Segunda mirada: la meditación
La tradición más genuina de los patriarcas memoriza que Yahvé es el Dios de
Abraham, de Isaac y de Jacob (cf. Ex 3, 6), y Jesús interpretará que esa
tradición es la prueba fehaciente de que Yahvé “no es Dios de muertos, sino de vivos” (Lc 20, 38). Un Dios vivo
que quiere la vida, no un dios que exige condenados. Ese es el Padre de Jesús.

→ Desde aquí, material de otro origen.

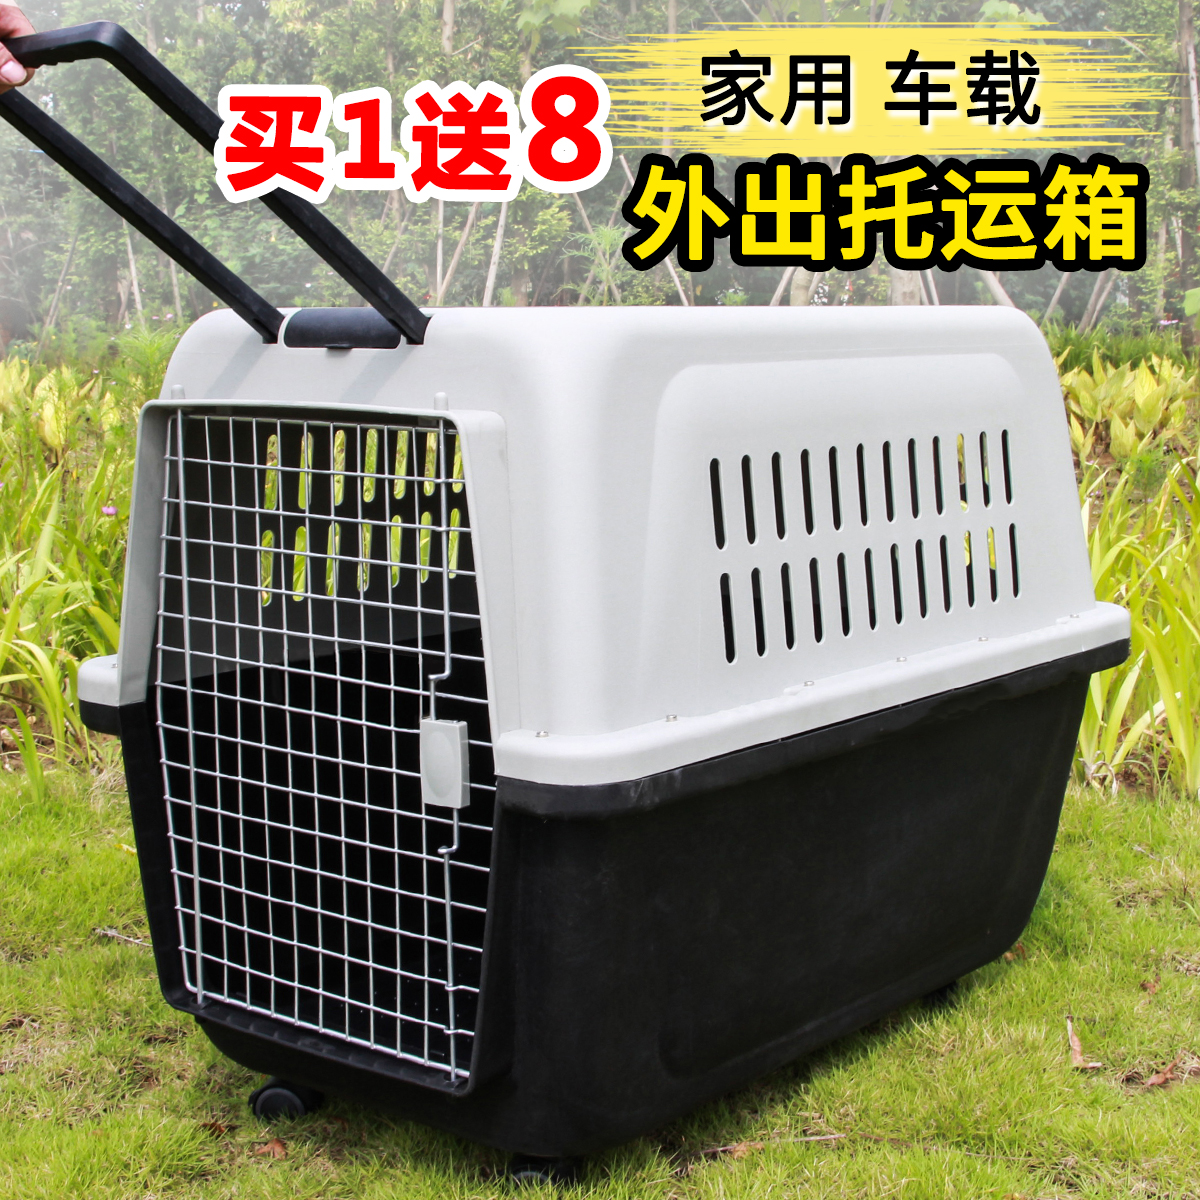 Pet Airbox Dog Cat Cage Cats Out Portable Special Large Dog No. Golden Hair Consignment Box Transport luggage case

Al final de la escena de la adúltera, el Maestro le pregunta si alguien la ha
condenado. Ella sabe que nadie. Ni los fariseos y escribas que la trajeron ni
el Dios verdadero. Será este amor manifestado por Jesús el que sea capaz de
generar la conversión en la mujer, así como la conversión de aquellos
acusadores que estén dispuestos a reconocer la verdadera naturaleza de Dios.

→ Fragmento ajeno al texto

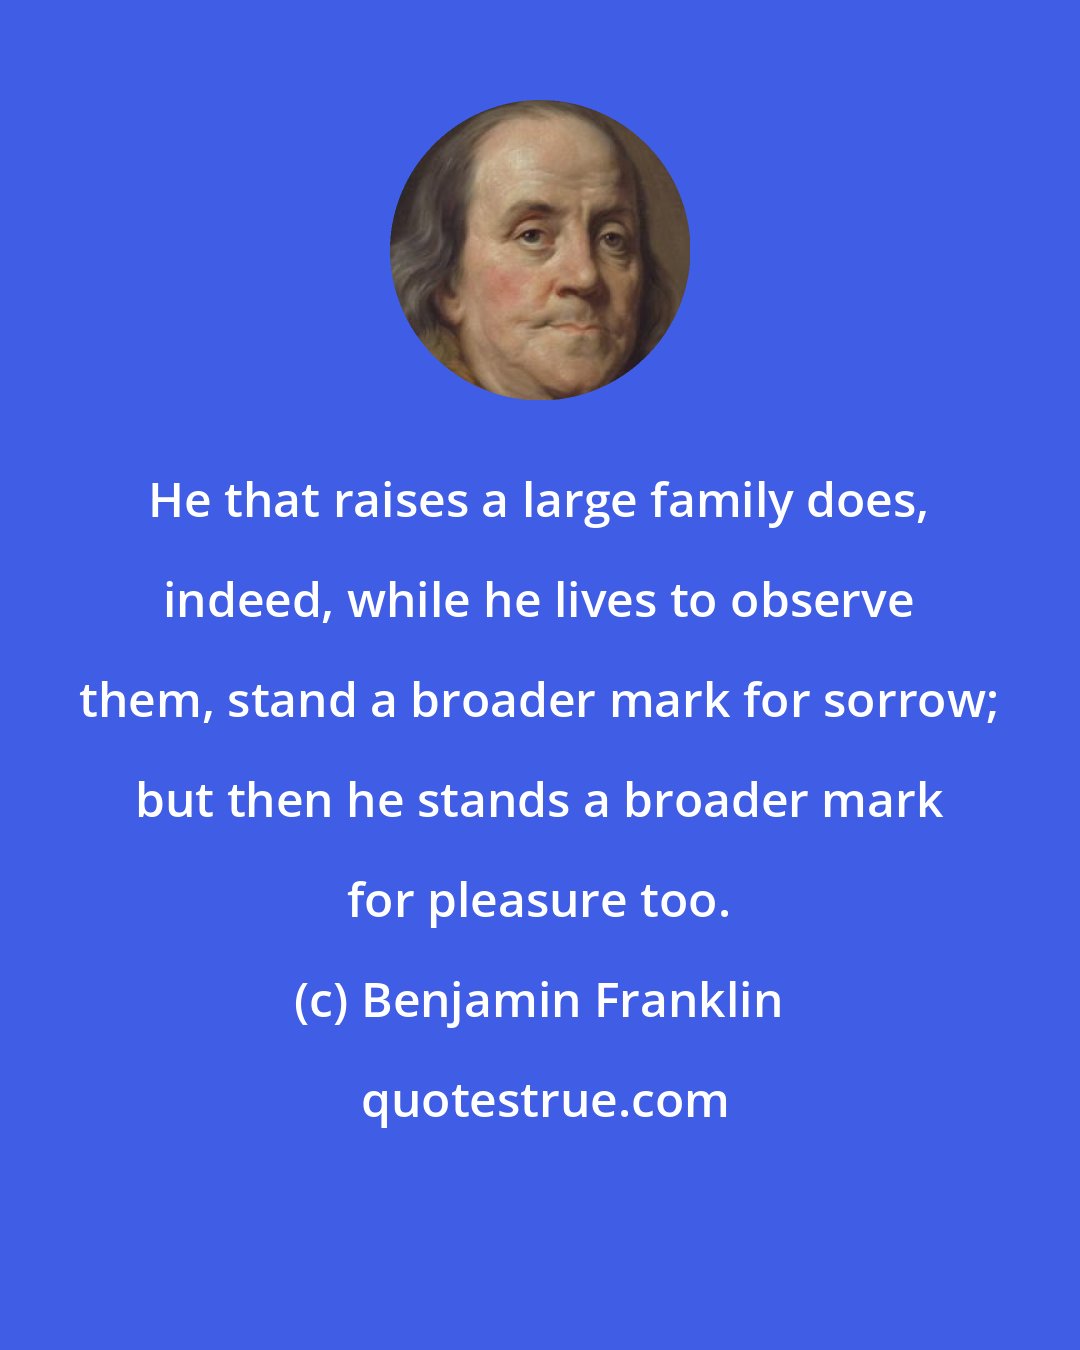 Benjamin Franklin: He that raises a large family does, indeed, while he lives to observe them, stand a broader mark for sorrow; but then he stands a broader mark for pleasure too.

Es necesario animarse a buscar el Dios verdadero, el Dios de la vida. Tenemos
instalada la imagen del dios que exige chivos expiatorios, como si fuese un ser
que se alimenta de excomulgados y condenados. Esa imagen falsa alimenta
tribunales eclesiásticos, condenas cotidianas y señalización de pecados
públicos. ¿A quiénes estamos condenando? ¿Quiénes son nuestras mujeres
adúlteras? ¿Quiénes se quedan afuera de la mesa de la vida? En sus rostros no
está tanto su condenación como la nuestra. Creemos que las estamos presentando
ante Jesús como víctimas necesarias del sistema religioso, pero Él nos sigue
respondiendo lo mismo, nos sigue confrontando con su Dios, con su Padre. Él no
quiere víctimas, sino hijos. No quiere condenación, sino posibilidad. Ser un
Dios de vida es ser un Dios de posibilidades, de oportunidades. Encontrarse con
Dios es encontrarse con la posibilidad de cambiar, de hacer las cosas nuevas,
de dejarse transformar. Con el Dios de Jesús no hay excomuniones, pero sí
segundas oportunidades. En el amor divino lo supuestamente condenable es
salvable. El Hijo del Hombre no ha venido a lapidar personas, sino a
rescatarlas (cf. Jn 3, 17). Esa es la máxima manifestación del amor de Dios,
como lo explica la Primera Carta
de Juan: el Hijo vino para que todos vivan por Él (cf. 1Jn 4, 9). Dios no es más Dios por su fuerza para condenar. Al
contrario, Dios es verdaderamente Dios porque ama salvando, porque rescata al
que está perdido, porque levanta al caído, porque fortalece al debilitado,
porque comparte su mesa con publicanos y pecadores. Esa es la esencia de Dios:
el amor que salva, que perdona, y que por ser amor fidedigno provoca la
conversión.
Tercera mirada: la
contemplación
1. ¿Cómo es el Dios de Jesús que me presentaron desde la infancia?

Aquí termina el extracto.